**WHAT YOU ARE ASKED TO DO**
From the line with "2f7d287cd68a5 Odvzdušňovací ventil" through the line with "Pam Kearns as", repeat the entries verbatim, both end lines included, and add nothing.

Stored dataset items
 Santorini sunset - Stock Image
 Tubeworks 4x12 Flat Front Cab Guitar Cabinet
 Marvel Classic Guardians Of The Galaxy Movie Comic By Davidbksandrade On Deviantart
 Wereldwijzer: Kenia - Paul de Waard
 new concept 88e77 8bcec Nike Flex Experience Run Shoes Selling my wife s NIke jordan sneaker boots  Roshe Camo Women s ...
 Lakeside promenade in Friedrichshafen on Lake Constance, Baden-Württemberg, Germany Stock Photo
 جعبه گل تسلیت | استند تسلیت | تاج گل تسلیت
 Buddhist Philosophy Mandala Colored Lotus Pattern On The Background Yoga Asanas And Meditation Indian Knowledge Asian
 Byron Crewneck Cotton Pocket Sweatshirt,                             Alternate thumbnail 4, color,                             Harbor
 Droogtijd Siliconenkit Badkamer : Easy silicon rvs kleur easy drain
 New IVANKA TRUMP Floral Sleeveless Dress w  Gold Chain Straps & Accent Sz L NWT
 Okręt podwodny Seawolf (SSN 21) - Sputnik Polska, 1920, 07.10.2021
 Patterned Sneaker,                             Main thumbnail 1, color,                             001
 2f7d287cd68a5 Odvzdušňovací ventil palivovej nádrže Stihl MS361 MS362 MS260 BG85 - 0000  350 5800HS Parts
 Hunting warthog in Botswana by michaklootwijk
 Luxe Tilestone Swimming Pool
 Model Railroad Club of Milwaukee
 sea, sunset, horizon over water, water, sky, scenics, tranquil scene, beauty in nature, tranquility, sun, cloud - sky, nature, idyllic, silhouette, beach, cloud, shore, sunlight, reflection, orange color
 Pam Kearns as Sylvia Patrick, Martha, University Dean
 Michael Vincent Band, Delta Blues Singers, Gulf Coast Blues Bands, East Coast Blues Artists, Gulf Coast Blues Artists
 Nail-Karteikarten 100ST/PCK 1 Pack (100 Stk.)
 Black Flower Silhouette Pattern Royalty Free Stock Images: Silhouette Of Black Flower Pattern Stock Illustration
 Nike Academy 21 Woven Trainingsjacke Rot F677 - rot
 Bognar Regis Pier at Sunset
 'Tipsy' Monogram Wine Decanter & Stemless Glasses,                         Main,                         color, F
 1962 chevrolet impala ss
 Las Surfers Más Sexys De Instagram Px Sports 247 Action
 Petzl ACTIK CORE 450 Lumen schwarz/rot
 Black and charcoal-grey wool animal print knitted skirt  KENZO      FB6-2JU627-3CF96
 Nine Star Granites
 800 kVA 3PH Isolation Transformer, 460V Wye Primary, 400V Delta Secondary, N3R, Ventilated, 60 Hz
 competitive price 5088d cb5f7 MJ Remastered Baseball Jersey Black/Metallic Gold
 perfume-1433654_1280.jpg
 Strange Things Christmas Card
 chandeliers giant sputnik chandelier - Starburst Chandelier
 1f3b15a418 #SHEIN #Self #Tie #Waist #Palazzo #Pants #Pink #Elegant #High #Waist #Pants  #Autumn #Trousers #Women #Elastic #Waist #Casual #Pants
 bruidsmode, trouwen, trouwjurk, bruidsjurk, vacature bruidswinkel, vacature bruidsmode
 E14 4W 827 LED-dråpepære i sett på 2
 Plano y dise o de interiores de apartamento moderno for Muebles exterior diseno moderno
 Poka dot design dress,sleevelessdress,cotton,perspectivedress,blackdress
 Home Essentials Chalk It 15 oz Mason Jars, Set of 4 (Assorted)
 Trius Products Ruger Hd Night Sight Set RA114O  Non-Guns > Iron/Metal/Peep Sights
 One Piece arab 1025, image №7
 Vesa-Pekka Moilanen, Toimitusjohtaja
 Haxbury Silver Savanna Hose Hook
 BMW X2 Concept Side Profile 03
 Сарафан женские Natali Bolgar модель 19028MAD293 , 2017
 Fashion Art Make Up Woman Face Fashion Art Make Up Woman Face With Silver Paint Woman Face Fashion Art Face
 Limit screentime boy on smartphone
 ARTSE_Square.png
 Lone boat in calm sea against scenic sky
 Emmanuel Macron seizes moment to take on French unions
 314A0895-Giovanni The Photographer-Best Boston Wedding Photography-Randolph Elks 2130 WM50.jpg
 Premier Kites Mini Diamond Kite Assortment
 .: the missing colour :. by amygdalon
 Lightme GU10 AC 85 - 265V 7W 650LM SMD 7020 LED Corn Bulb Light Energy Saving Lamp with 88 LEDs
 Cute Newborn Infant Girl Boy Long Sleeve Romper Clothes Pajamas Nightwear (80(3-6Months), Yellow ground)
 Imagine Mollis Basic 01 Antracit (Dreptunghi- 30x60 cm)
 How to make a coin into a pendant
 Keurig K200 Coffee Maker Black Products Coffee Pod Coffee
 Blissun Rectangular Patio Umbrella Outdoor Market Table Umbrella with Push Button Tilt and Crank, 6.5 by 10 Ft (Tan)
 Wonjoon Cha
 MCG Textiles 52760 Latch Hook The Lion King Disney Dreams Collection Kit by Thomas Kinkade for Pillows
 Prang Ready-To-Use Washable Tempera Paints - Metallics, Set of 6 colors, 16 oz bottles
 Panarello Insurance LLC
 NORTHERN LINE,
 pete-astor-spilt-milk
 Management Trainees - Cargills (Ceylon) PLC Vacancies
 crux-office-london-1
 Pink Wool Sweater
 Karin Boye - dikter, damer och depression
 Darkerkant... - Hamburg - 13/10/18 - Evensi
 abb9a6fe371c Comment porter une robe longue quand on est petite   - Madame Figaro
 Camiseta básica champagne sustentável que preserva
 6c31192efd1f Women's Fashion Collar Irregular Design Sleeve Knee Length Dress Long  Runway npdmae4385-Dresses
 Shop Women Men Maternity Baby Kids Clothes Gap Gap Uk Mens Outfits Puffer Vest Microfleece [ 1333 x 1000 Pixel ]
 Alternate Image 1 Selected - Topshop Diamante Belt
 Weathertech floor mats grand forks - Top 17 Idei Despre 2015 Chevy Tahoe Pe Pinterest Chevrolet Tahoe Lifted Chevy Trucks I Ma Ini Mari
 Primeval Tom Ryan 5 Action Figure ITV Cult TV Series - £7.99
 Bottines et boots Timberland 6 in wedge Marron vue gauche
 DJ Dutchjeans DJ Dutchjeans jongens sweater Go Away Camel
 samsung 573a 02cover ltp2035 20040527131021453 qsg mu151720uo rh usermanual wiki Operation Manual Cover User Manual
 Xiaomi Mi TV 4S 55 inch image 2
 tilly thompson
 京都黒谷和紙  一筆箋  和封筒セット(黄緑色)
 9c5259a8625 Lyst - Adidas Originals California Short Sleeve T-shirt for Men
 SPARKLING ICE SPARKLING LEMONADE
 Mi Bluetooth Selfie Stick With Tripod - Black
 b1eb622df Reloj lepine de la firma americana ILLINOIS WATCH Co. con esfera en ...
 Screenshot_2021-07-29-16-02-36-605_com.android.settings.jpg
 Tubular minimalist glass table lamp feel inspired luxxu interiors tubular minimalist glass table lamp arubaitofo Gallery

**RESPONSE**
 2f7d287cd68a5 Odvzdušňovací ventil palivovej nádrže Stihl MS361 MS362 MS260 BG85 - 0000  350 5800HS Parts
 Hunting warthog in Botswana by michaklootwijk
 Luxe Tilestone Swimming Pool
 Model Railroad Club of Milwaukee
 sea, sunset, horizon over water, water, sky, scenics, tranquil scene, beauty in nature, tranquility, sun, cloud - sky, nature, idyllic, silhouette, beach, cloud, shore, sunlight, reflection, orange color
 Pam Kearns as Sylvia Patrick, Martha, University Dean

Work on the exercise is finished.